-- REQUIRED ACTION --
Every line of the data below is to be duplicated exactly, pictures excepted.

-- PROVIDED DATA --
--------------------

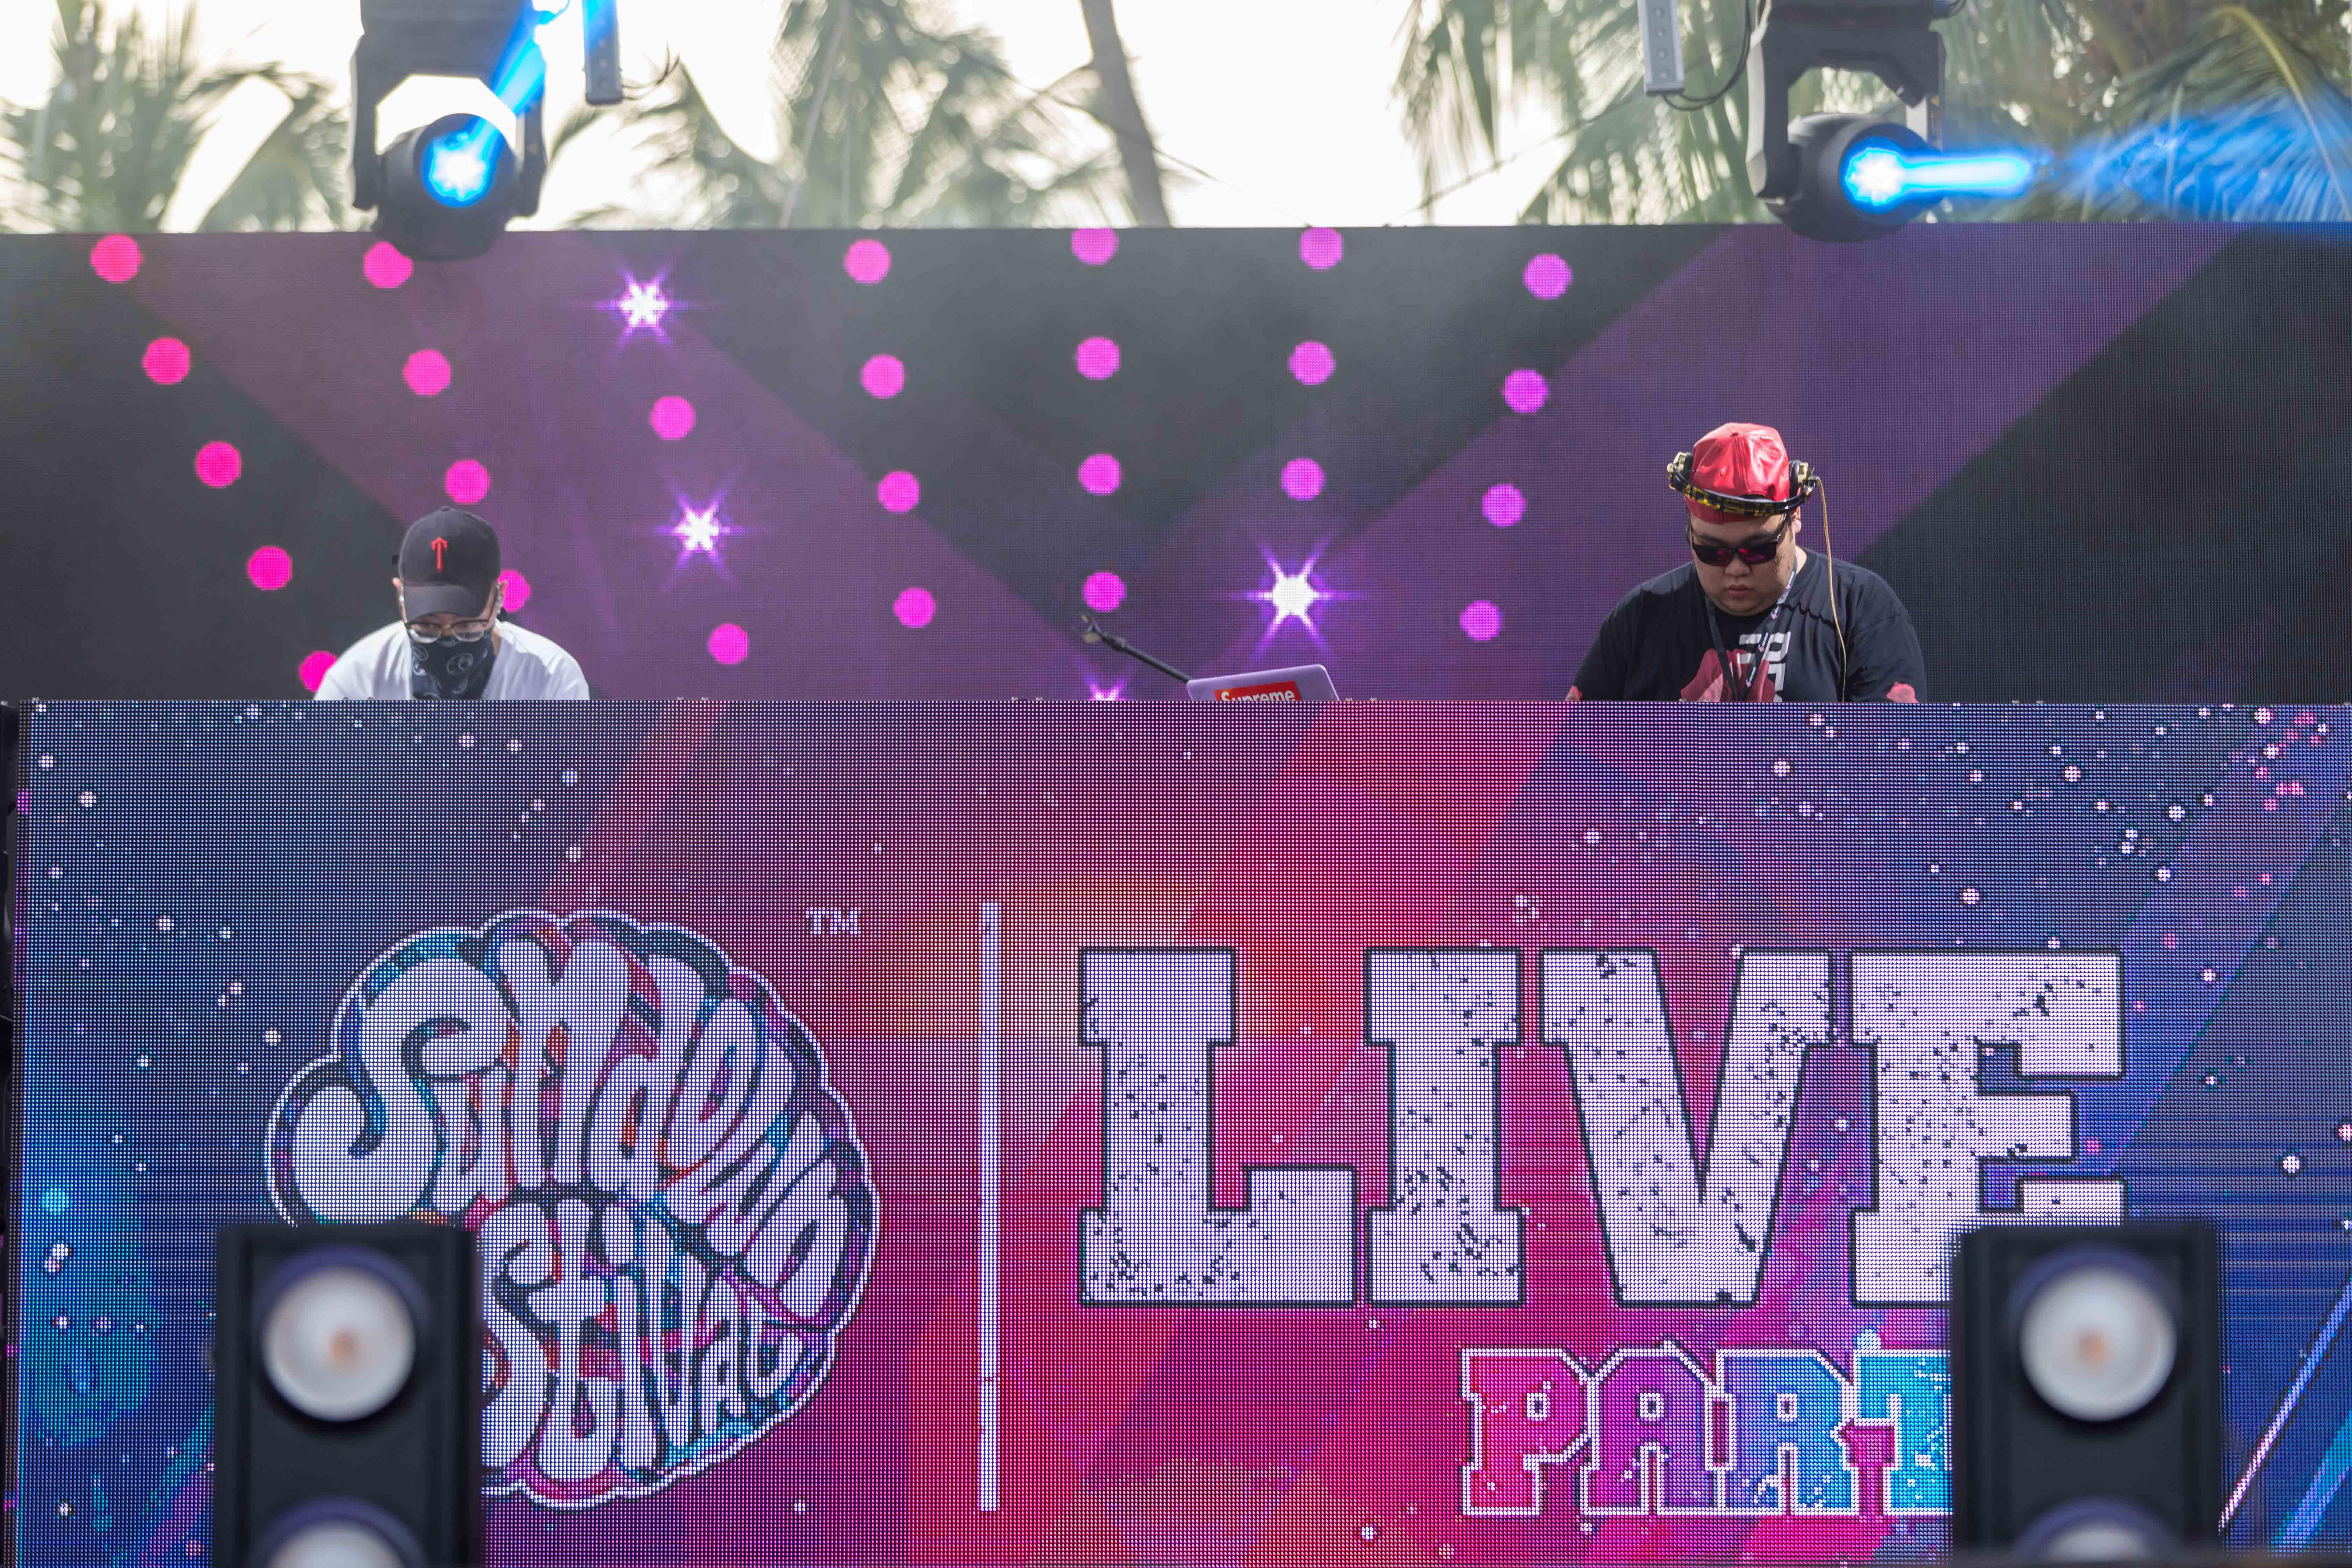 SUNDOWN LIVE PARTY AT FIVB WBV 2018
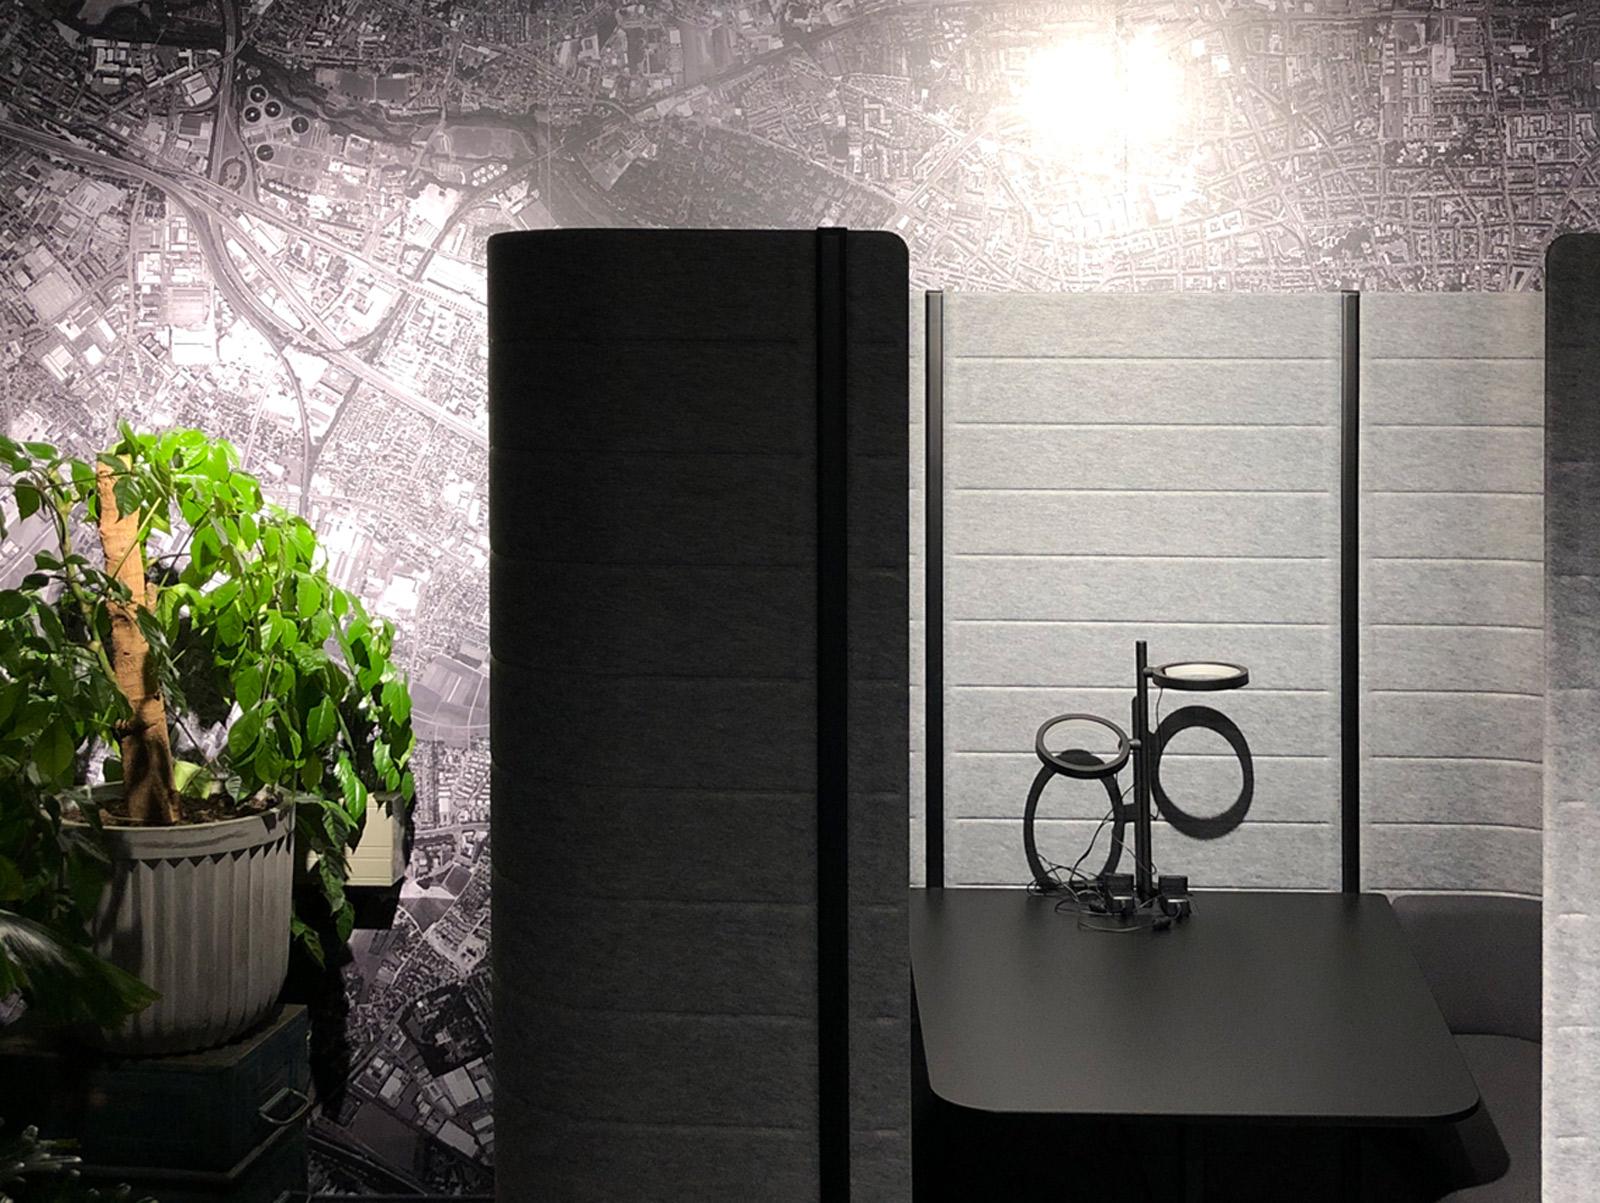 Vollflächiges, bedrucktes Wandtattoo bei Design Offices
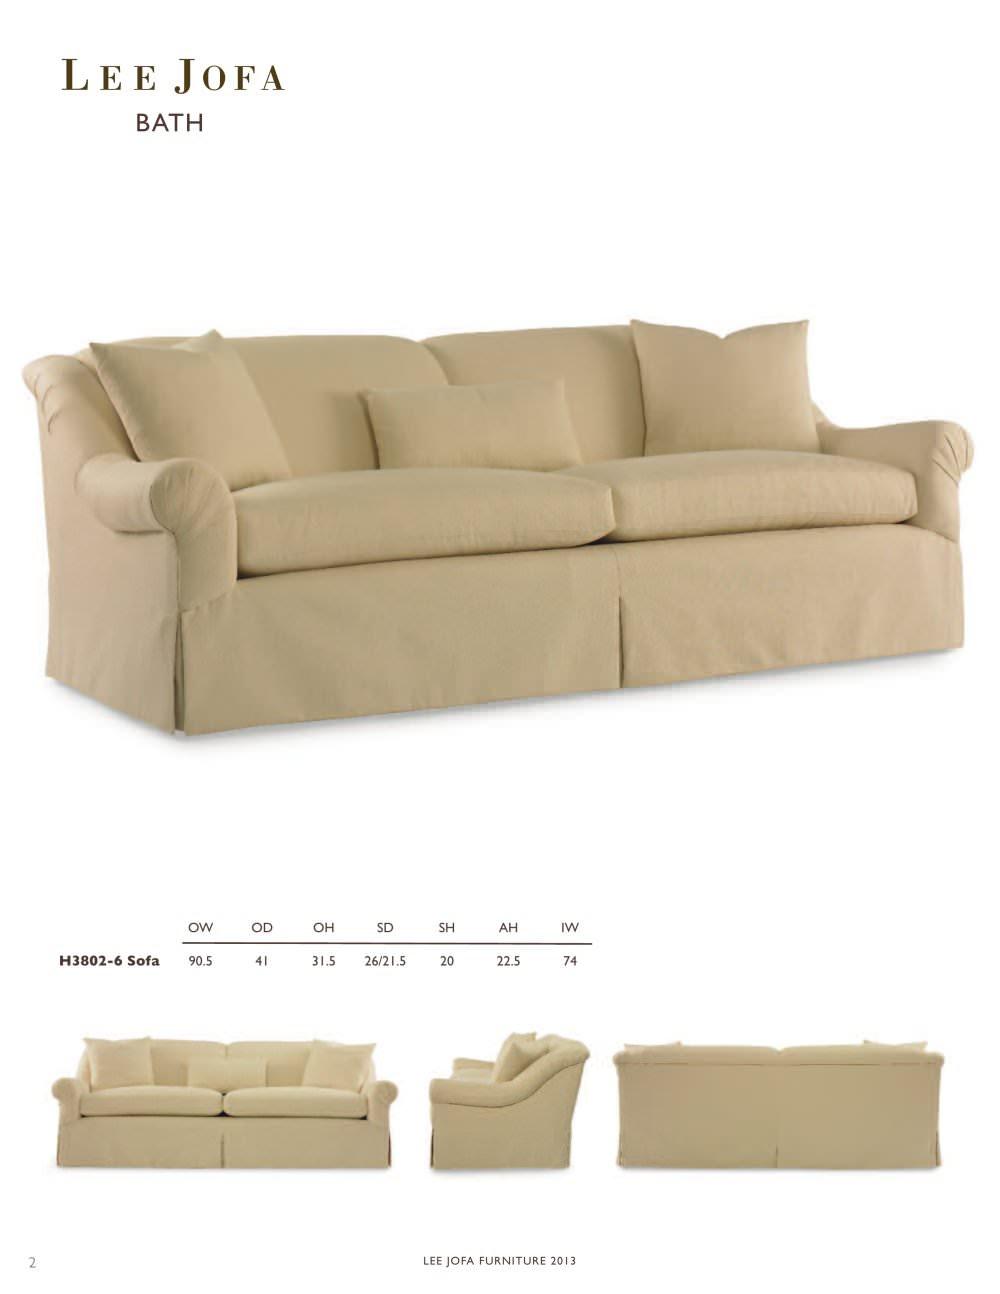 Lee Jofa-Furniture CATALOG 2013 - Lee Jofa - Page n° 12 - PDF ...

--------------------

-- REPLY --
 SUNDOWN LIVE PARTY AT FIVB WBV 2018
 Vollflächiges, bedrucktes Wandtattoo bei Design Offices
 Lee Jofa-Furniture CATALOG 2013 - Lee Jofa - Page n° 12 - PDF ...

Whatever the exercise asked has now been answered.